Segment Open
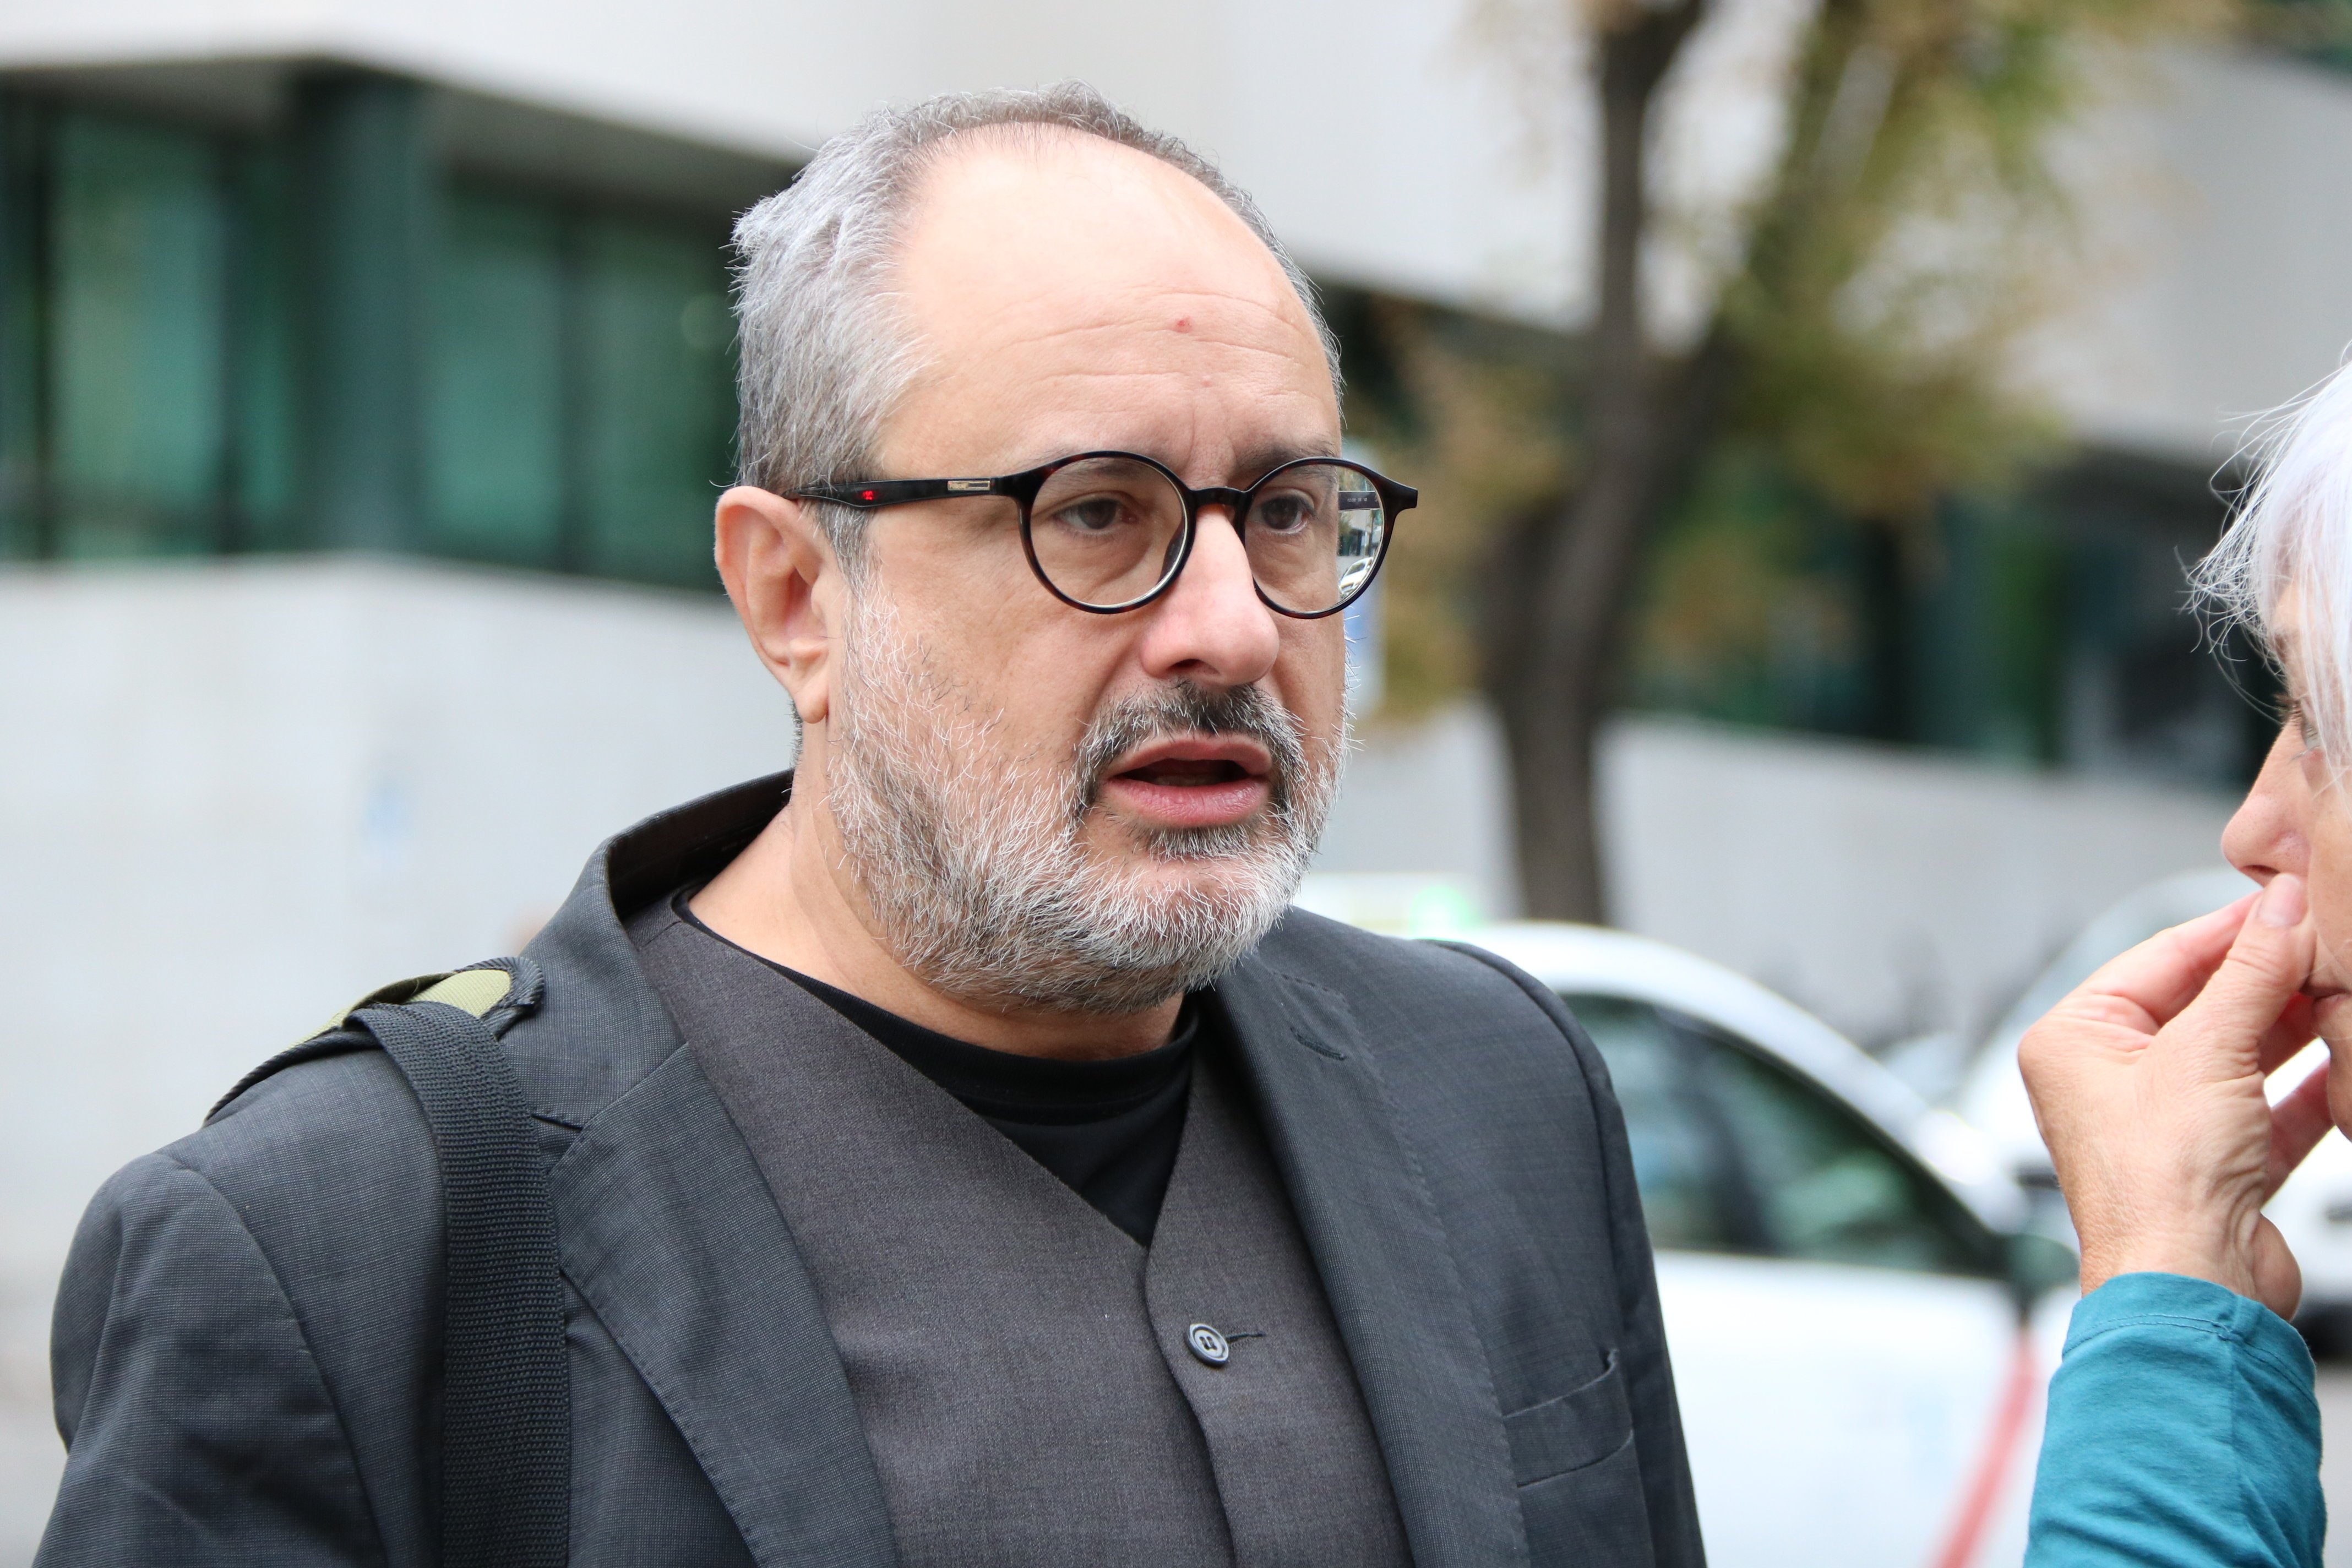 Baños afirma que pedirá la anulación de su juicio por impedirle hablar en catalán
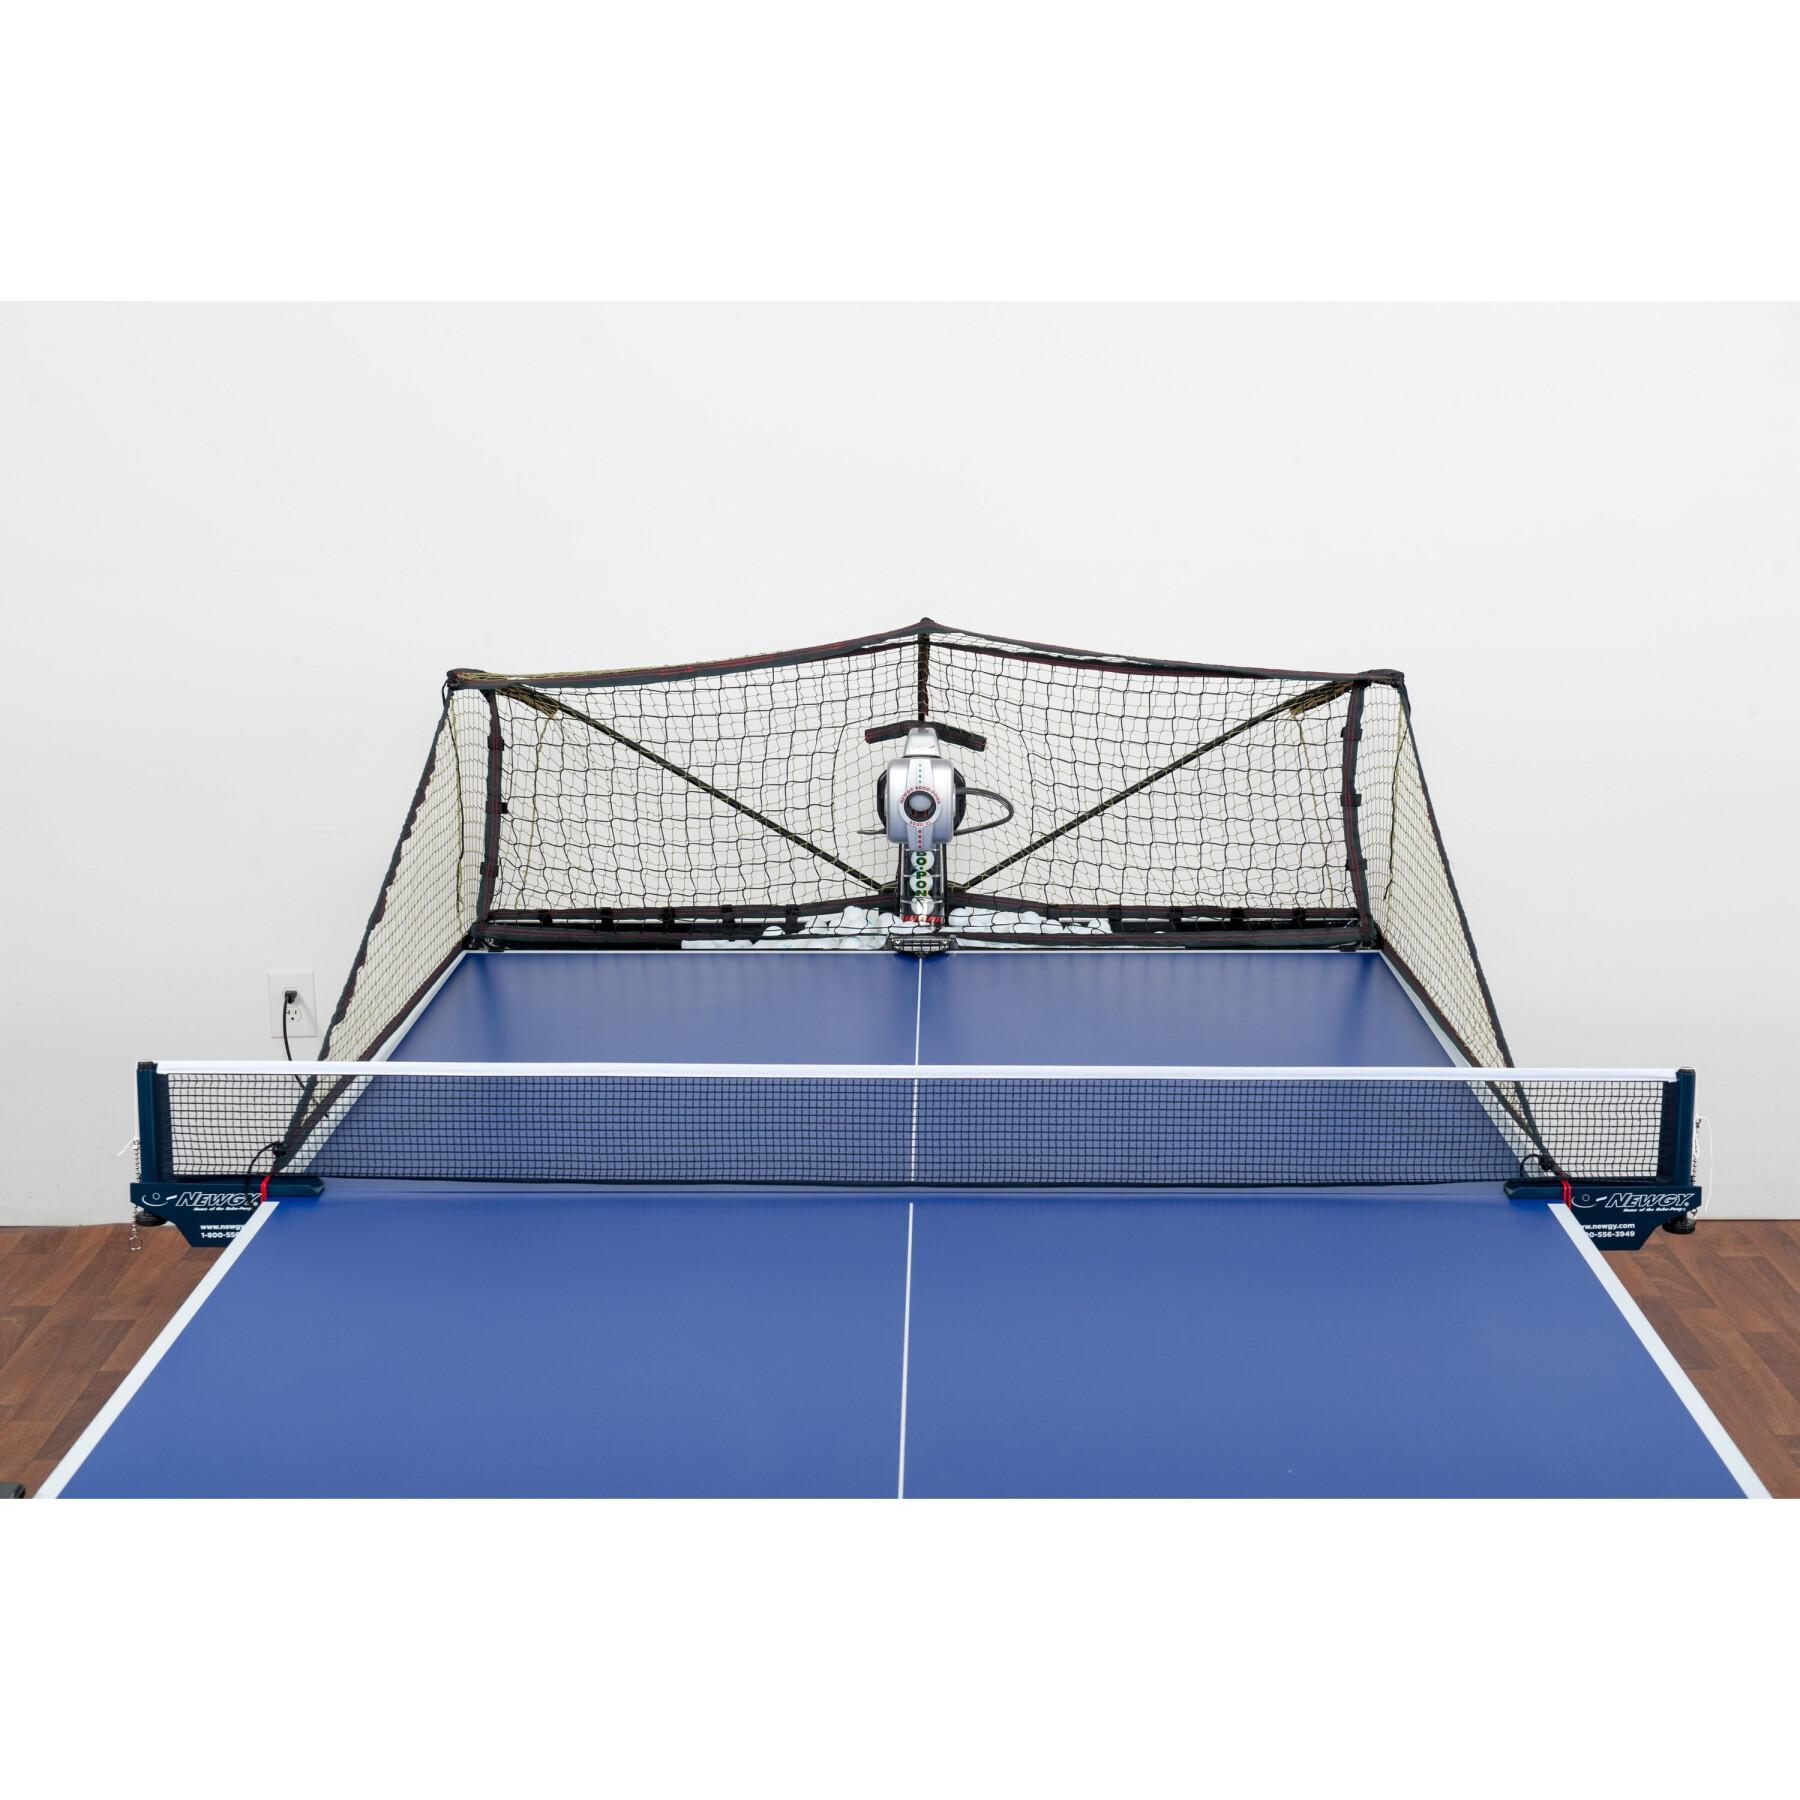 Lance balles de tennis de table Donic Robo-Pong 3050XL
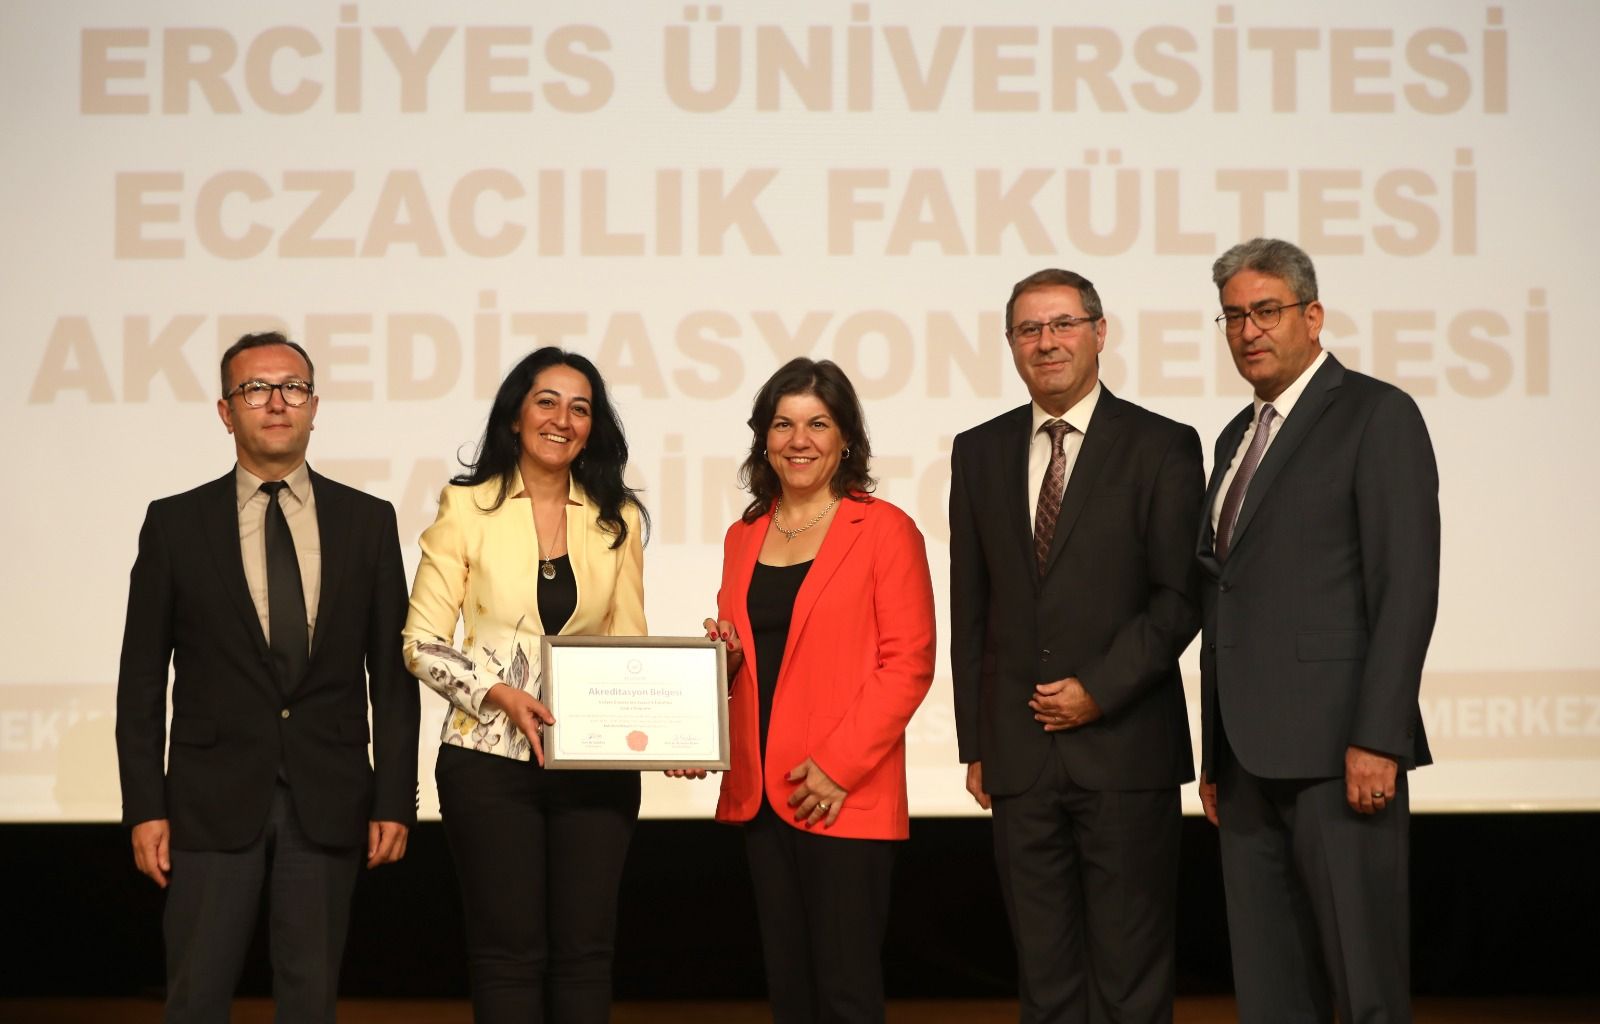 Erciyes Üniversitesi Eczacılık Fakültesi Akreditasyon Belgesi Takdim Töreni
Segment Closed
Exercise prompt => Everything in the listing above must be restated word for word, except the images.

Your response =>
 Baños afirma que pedirá la anulación de su juicio por impedirle hablar en catalán
 Lance balles de tennis de table Donic Robo-Pong 3050XL
 Erciyes Üniversitesi Eczacılık Fakültesi Akreditasyon Belgesi Takdim Töreni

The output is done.